Good checklists are precise and simple

“There are good checklists and bad, Boorman explained. Bad checklists are vague and imprecise. They are too long; they are hard to use; they are impractical. They are made by desk jockeys with no awareness of the situations in which they are to be deployed. They treat the people using the tools as dumb and try to spell out every single step. They turn people’s brains off rather than turn them on.” (p. 120)

Two types of checklists

“With a DO-CONFIRM checklist, he said, team members perform their jobs from memory and experience, often separately. But then they stop. They pause to run the checklist and confirm that everything that was supposed to be done was done.” (p. 123)

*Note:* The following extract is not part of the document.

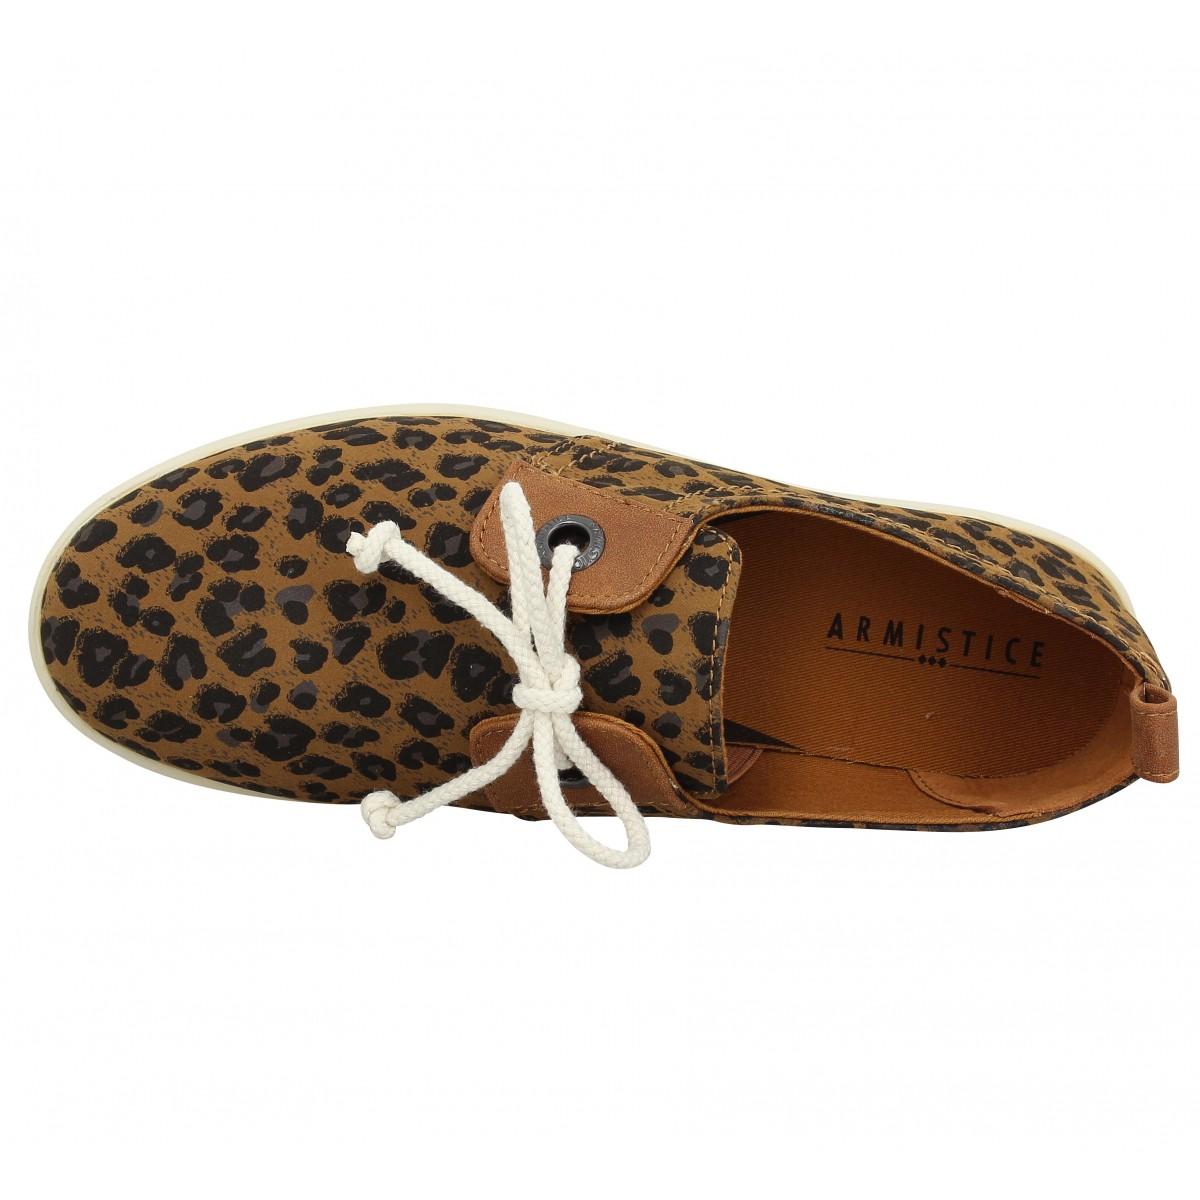 soldes armistice stone one toile leopard femme camel femme fanny chaussures. Black Bedroom Furniture Sets. Home Design Ideas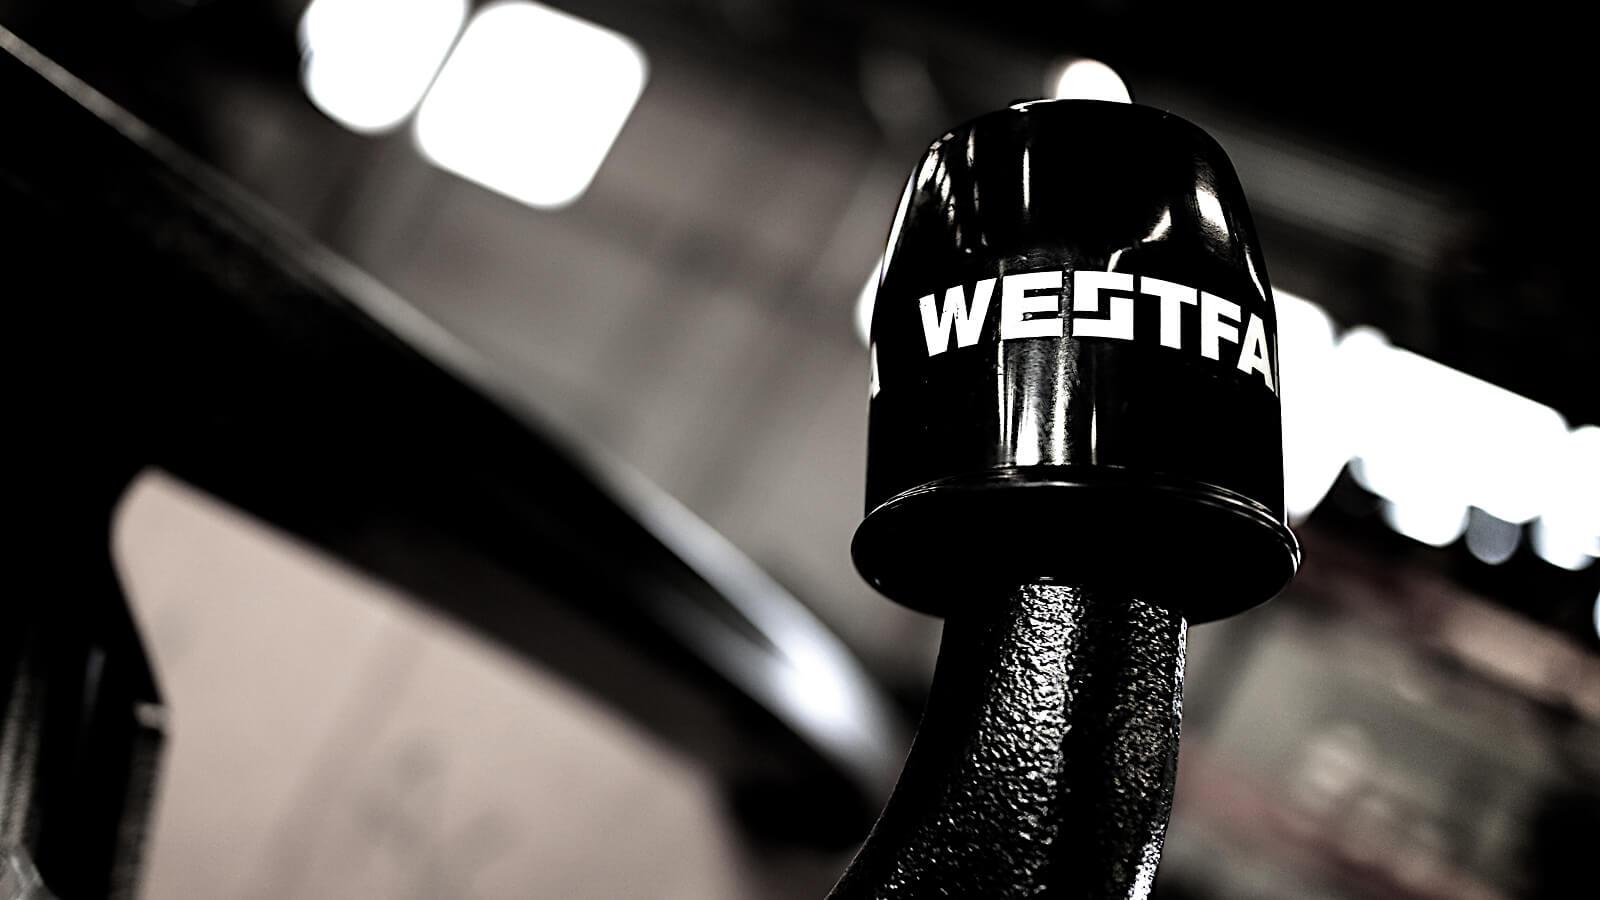 Westfalia vetokoukku Koukkupaja Oy

“With a READ-DO checklist, on the other hand, people carry out the tasks as they check them off—it’s more of a recipe.” (p. 123)

 

Quotables

 

“But sometime over the last several decades—and it is only over the last several decades—science has filled in enough knowledge to make ineptitude as much our struggle as ignorance.” (p. 8)

“In a complex environment, experts are up against two main difficulties. The first is the fallibility of human memory and attention, especially when it comes to mundane, routine matters that are easily overlooked under the strain of more pressing events. …A further difficulty, just as insidious, is that people can lull themselves into skipping steps even when they remember them. In complex processes, after all, certain steps don’t always matter.” (p. 36) 

“… checklists seem able to defend anyone, even the experienced, against failure in many more tasks that we realized. They provide a kind of cognitive net. They catch mental flaws inherent in all of us—flaws of memory and attention and thoroughness.” (p. 48)

“No, the real lesson is that under conditions of true complexity—where the knowledge required exceeds that of any individual and unpredictability reigns—efforts to dictate every step from the center will fail. People need room to act and adapt.” (p. 79)

 “The investigators at Johns Hopkins and elsewhere had also observed that when nurses were given a chance to say their names and mention their concerns at the beginning of a case, they were more likely to note problems and offer solutions. The researchers call it an ‘activation phenomenon,’ Given people a chance to say something at the start seemed to activate their sense of participation and responsibility and their willingness to speak up.” (p. 108)

“So you want to keep the list short by focusing on what he called ‘the killer items’—the steps that are most dangerous to skip and sometimes overlooked nonetheless.” (p. 123)

“But Boorman was adamant about one further point: no matter how careful we might be, no matter how much thought we might put in, a checklist has to be tested in the real world, which is inevitably more complicated than expected.” (p. 124)

“To be sure, checklists must not become ossified mandates that hinder rather than help. Even the simplest requires frequent revisitation and ongoing refinement.” (pp. 183-4)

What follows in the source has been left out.